Should transhumans instead compete with humans for the same resources? Transhumans would win every time. A single transhuman might produce more intellectual output than an entire human population of billions. A transhuman might be able to manipulate human legal systems with the ease of a child playing with Legos. And physics dictates that a transhuman psyche downloaded into a computer with the mass of a golf ball would be able to colonize remote planets faster than any human (who would be encumbered by a mass weighing in the tens of kilograms). Transhumans might have the power to destroy human economies, subvert human legal systems, and establish sovereign governments far beyond the reach of any human. The only forces stopping a transhuman from doing these things would be its own conscience and the will of other transhumans, not any human power.

So the resources left for humans would be only those that transhumans made a conscious effort to set aside for that purpose. (Note that a second tenet of transhumanist ethics is universal enfranchisement --- any human who wants to become transhuman should be given not only the liberty but the resources to do so. So humans would be human by choice.) For savages like us, it will be a matter of choosing between the reservation and transhumanity. There's no other choice.

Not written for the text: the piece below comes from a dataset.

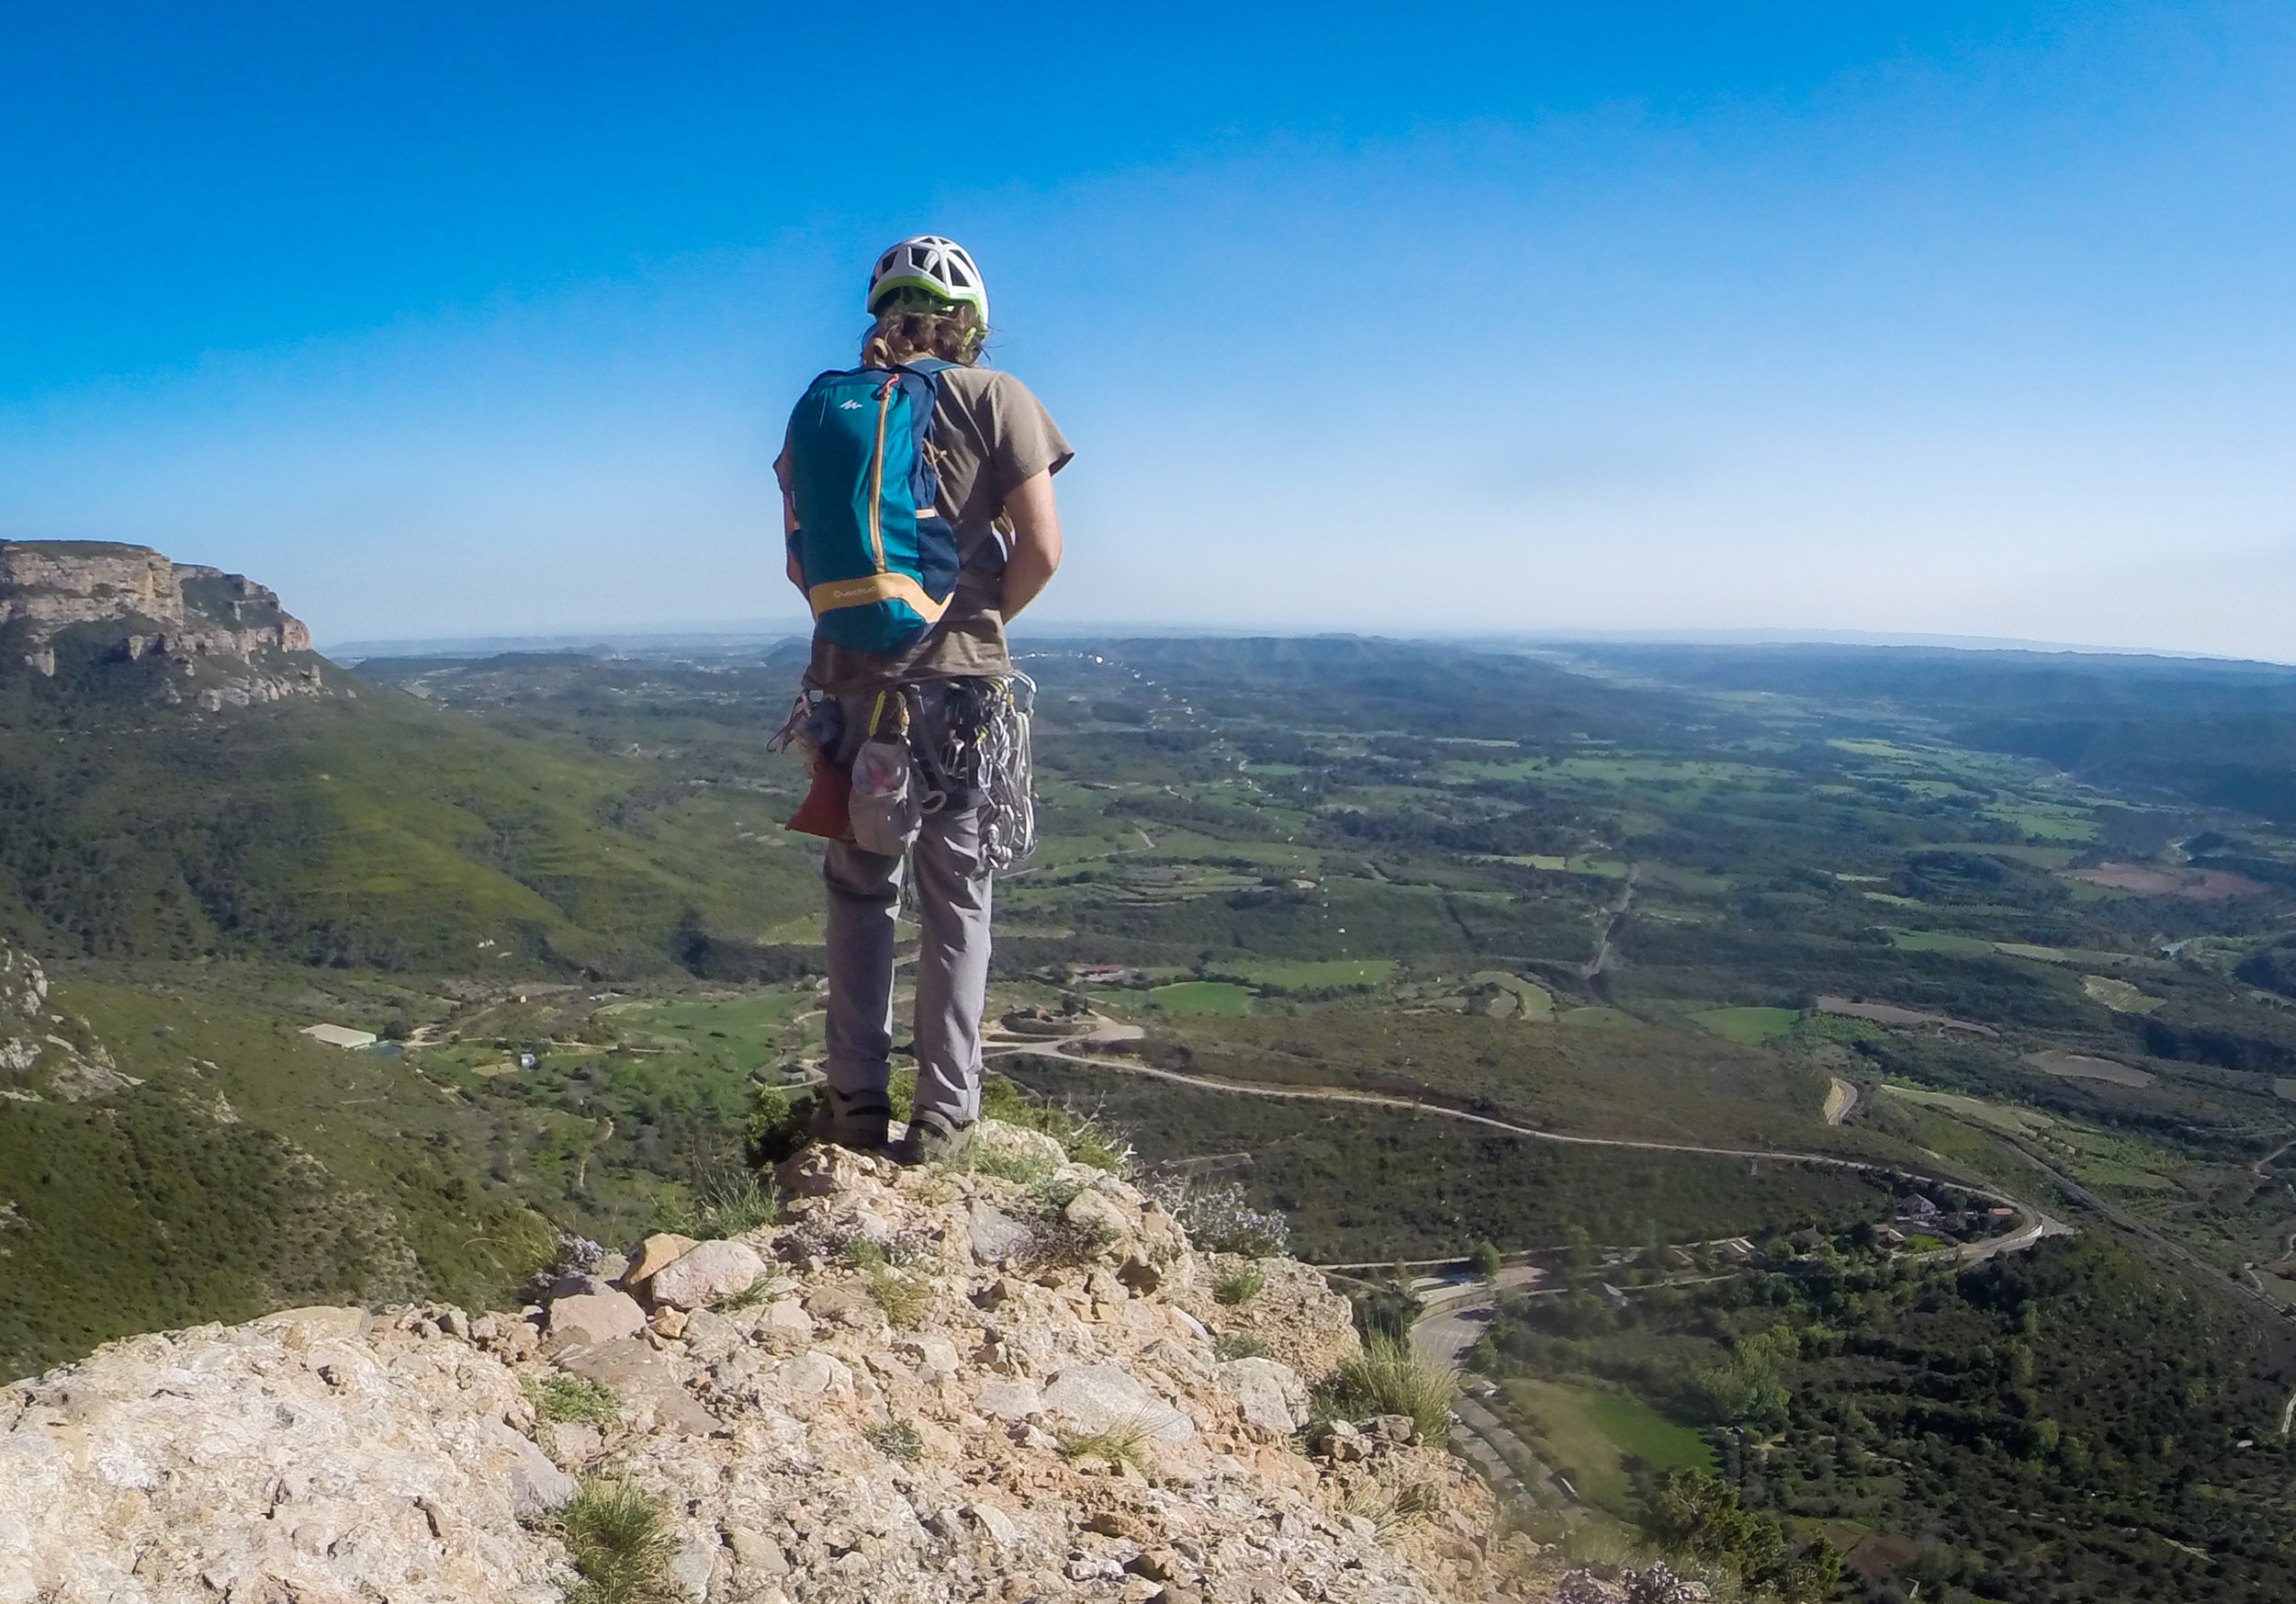 climbinginspain-18.jpg

And actually, I don't think PM had any other choices in mind. I strongly suspect that his reaction against my description of transhumanism stems from denial, not any positive agenda. Like many other anti-transhumanists, I think he dislikes the notion of a society founded on vast power imbalances, and therefore prefers to invent reasons not to think about it. But avoiding the idea won't make it go away.

Note, BTW, that most transhumanist thinkers are fully conscious of the risks involved in the transhumanist project, or at least as fully conscious as anyone can be. In fact, analyzing these risks is (yet another) major aim of transhumanist thought. See, for example, Nick Bostrom's many writings, including his discussion of existential risks to the human race, and his unconventional analysis of the future of human evolution.